Indeed, color is a complicated thing. It’s not for nothing that it’s a matter of interest for many research institutions and leading companies and that’s too long a conversation for one lunch. In this post, we wanted to say one thing: if the color of the printed product really matters to you, find something of that color and do a test print.

Interesting? Move on)

We found out that color on paper is imitation. How is this done?

The sun emits various waves that make up, roughly speaking, white light – it is how our vision perceives it. If such light falls on a leaf of a tree, then this leaf ‘eats’ the red and blue portions, but reflects the green one. And this green wave hits our eyes. So we see exactly the green color of the leaf. Indeed, trees do not consume green light, but quite the opposite. A red apple reflects the red portion of the solar spectrum and absorbs the rest.

This is exactly how paints work on paper – green reflects the green portion of the spectrum, blue – the blue one, red – the red one. And what about black? The black one reflects nothing. The black spot ‘eats’ all the light. Of course, the white paper reflects the entire spectrum evenly. That’s why it’s white. However, we should note here that it’s extremely difficult for the paint to reflect the color. And the bluer the ray is, the more difficult it is to reflect it. That’s why you never see a truly blue sky in a travel brochure – paint simply cannot reflect the gentle blue waves. We face the same problem with the color of spring green or crazy red of fresh roses. The paint absorbs these colors, no matter how frustrating it is.
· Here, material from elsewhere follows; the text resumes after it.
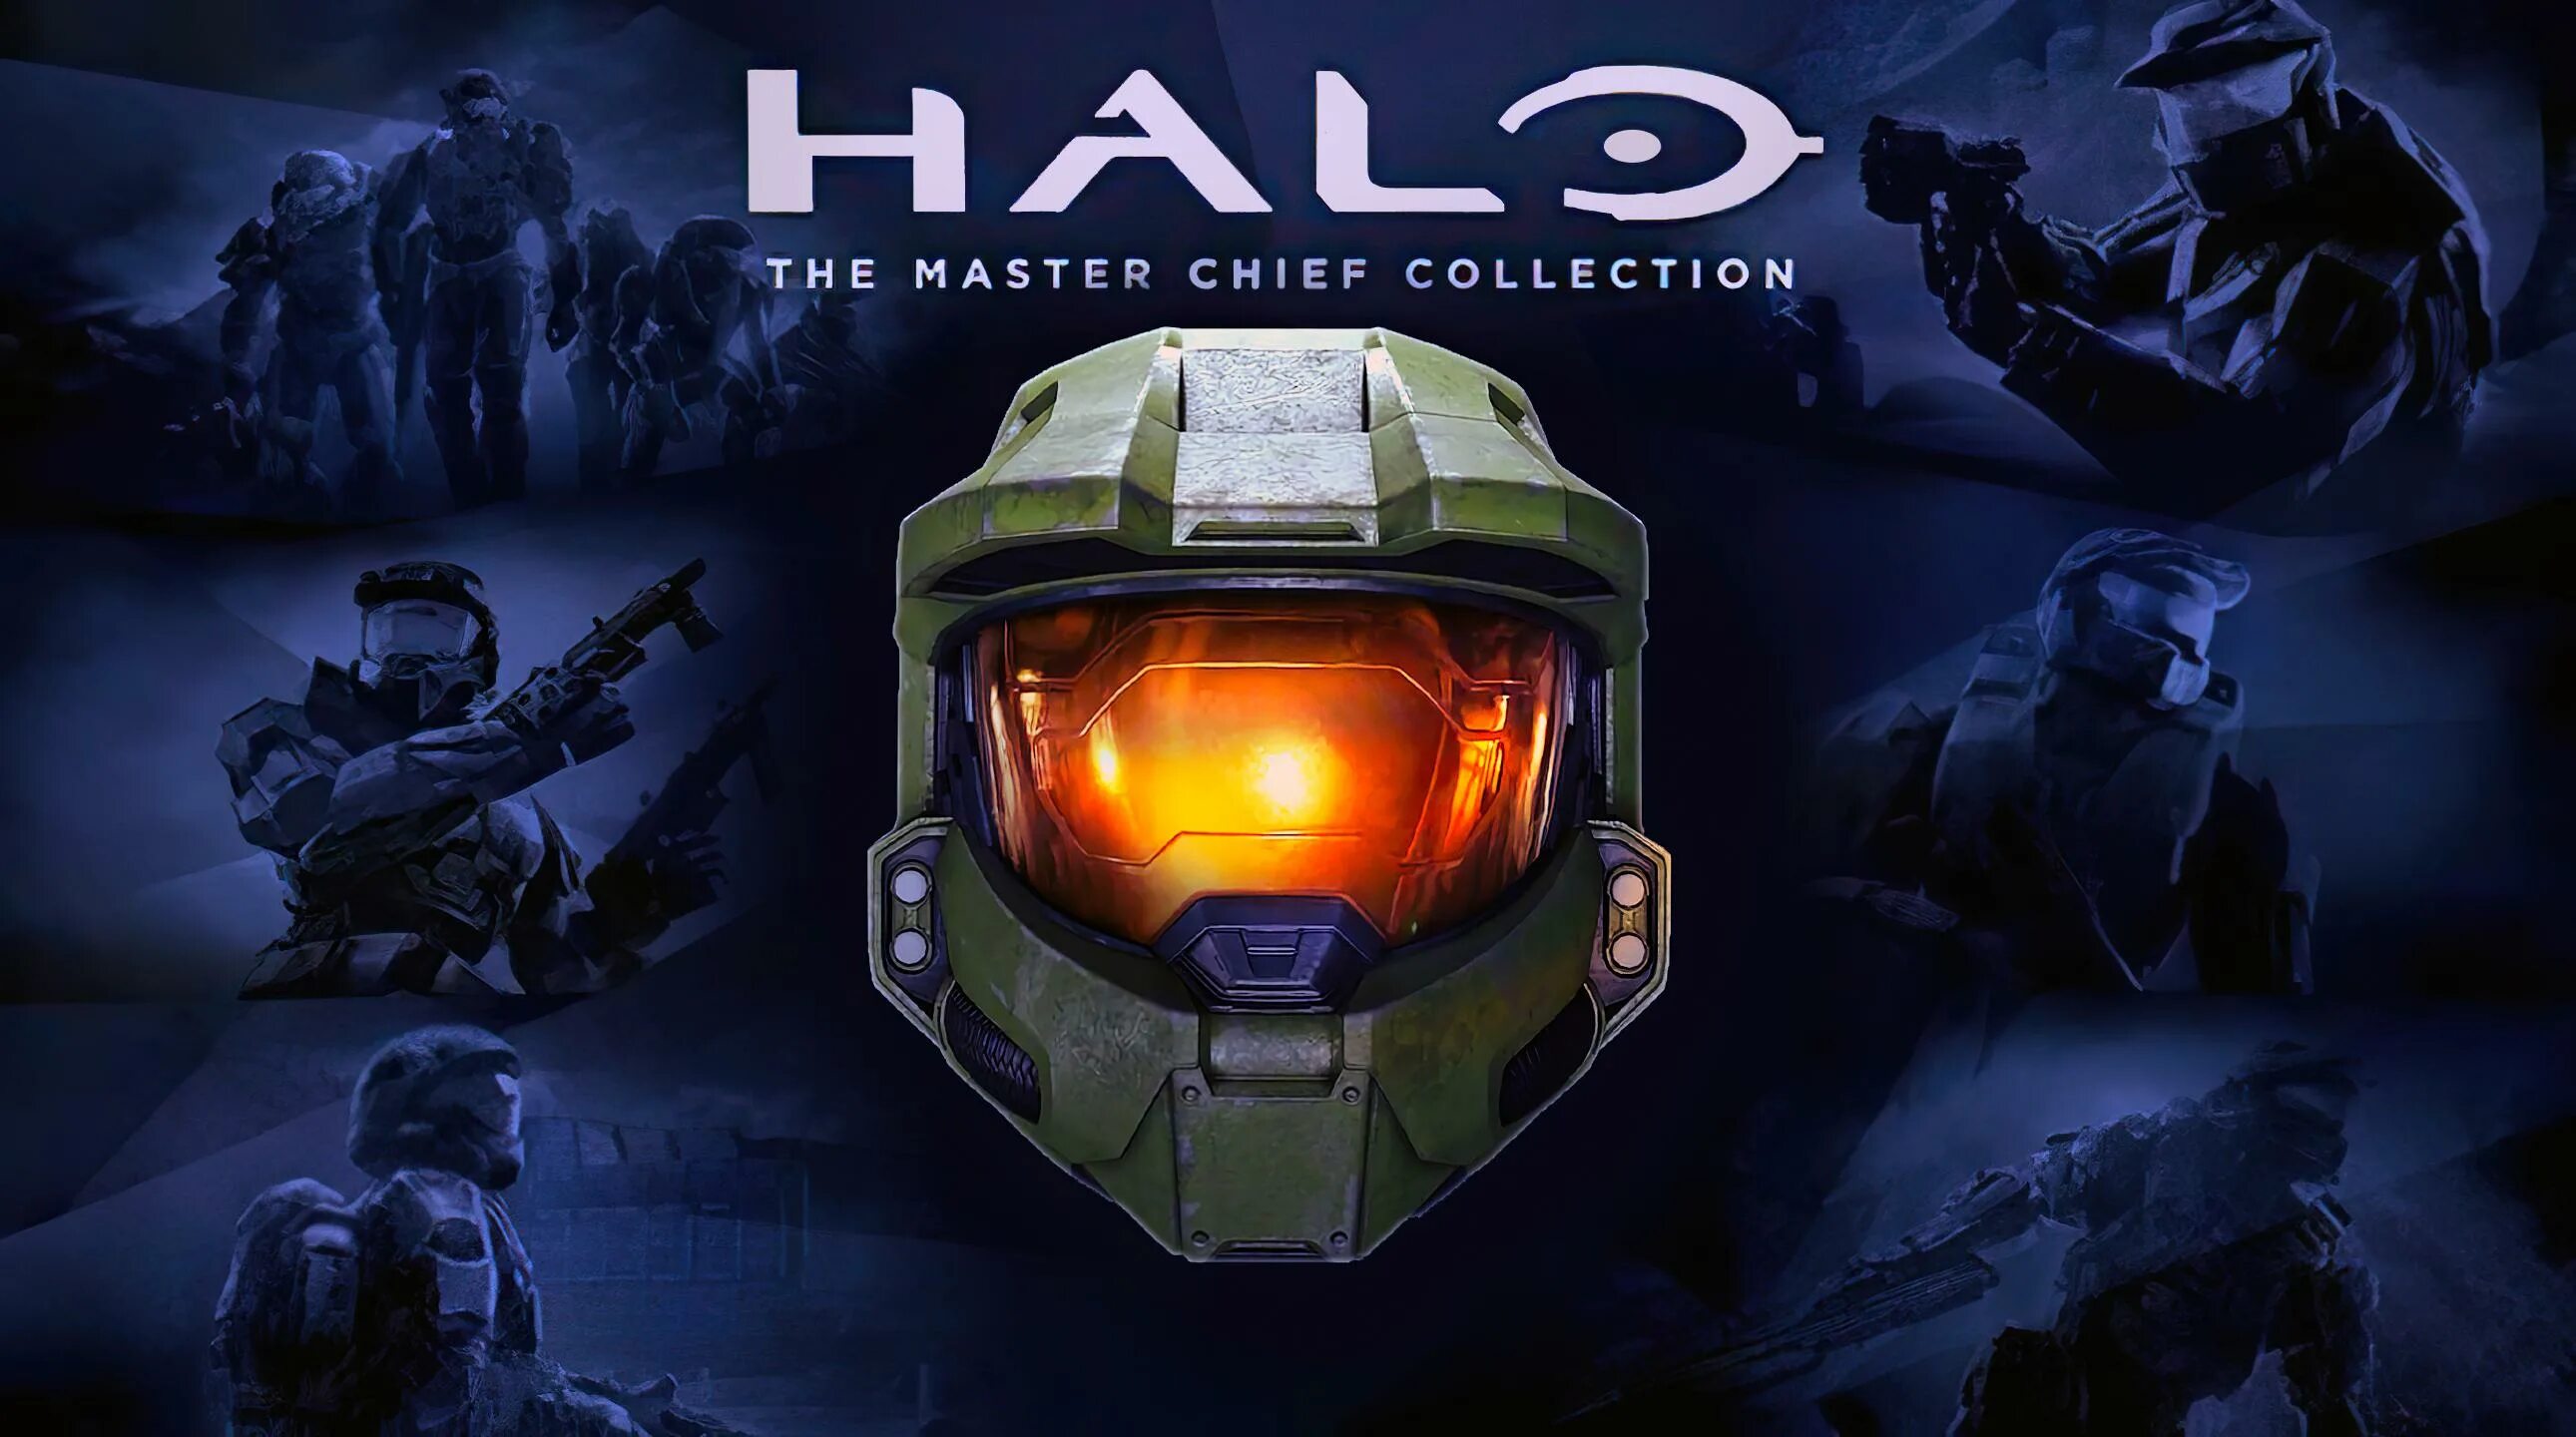 Halo мастер Чиф collection. Мастер Чиф Halo 2. Halo Master Chief collection обложка. Halo 2 мастер Чиф обложка.

But how do shades appear on paper? Thanks to tiny colored dots – small stains of paint on paper. Four colors – Cyan, Magenta, Yellow, BlacK (CMYK) – create all the variety of offset printing. The eye does not distinguish between these tiny spots from a distance, so if space is filled with a mixture of purple and yellow dots, the eye will see red. The more paint, the more saturated the color, but the more rays this paint “eats”. As a result, offset printing cannot be rich in color and light at the same time. This can only be achieved by the designer playing in contrast.

Why Pantone?


Do you know that your corporate color may not be printed, no matter how hard the printer tries? Even more, any mistake in calculating the density of paint spots, or an error in applying paint, or even paper moisture can distort the color. It is to prevent this from happening Pantone colors exist. They are made in a special way so that the molecules of which they are composed reflect a certain portion of the spectrum. Such paints always reflect the same waves, i.e. they have a stable color.


If you want your corporate color to be always the same, choose it from the Pantone palette and print your corporate products with this paint. If you want the logo to be reflected in different ways, choose a color for it that can be reproduced by the CMYK offset printing technology.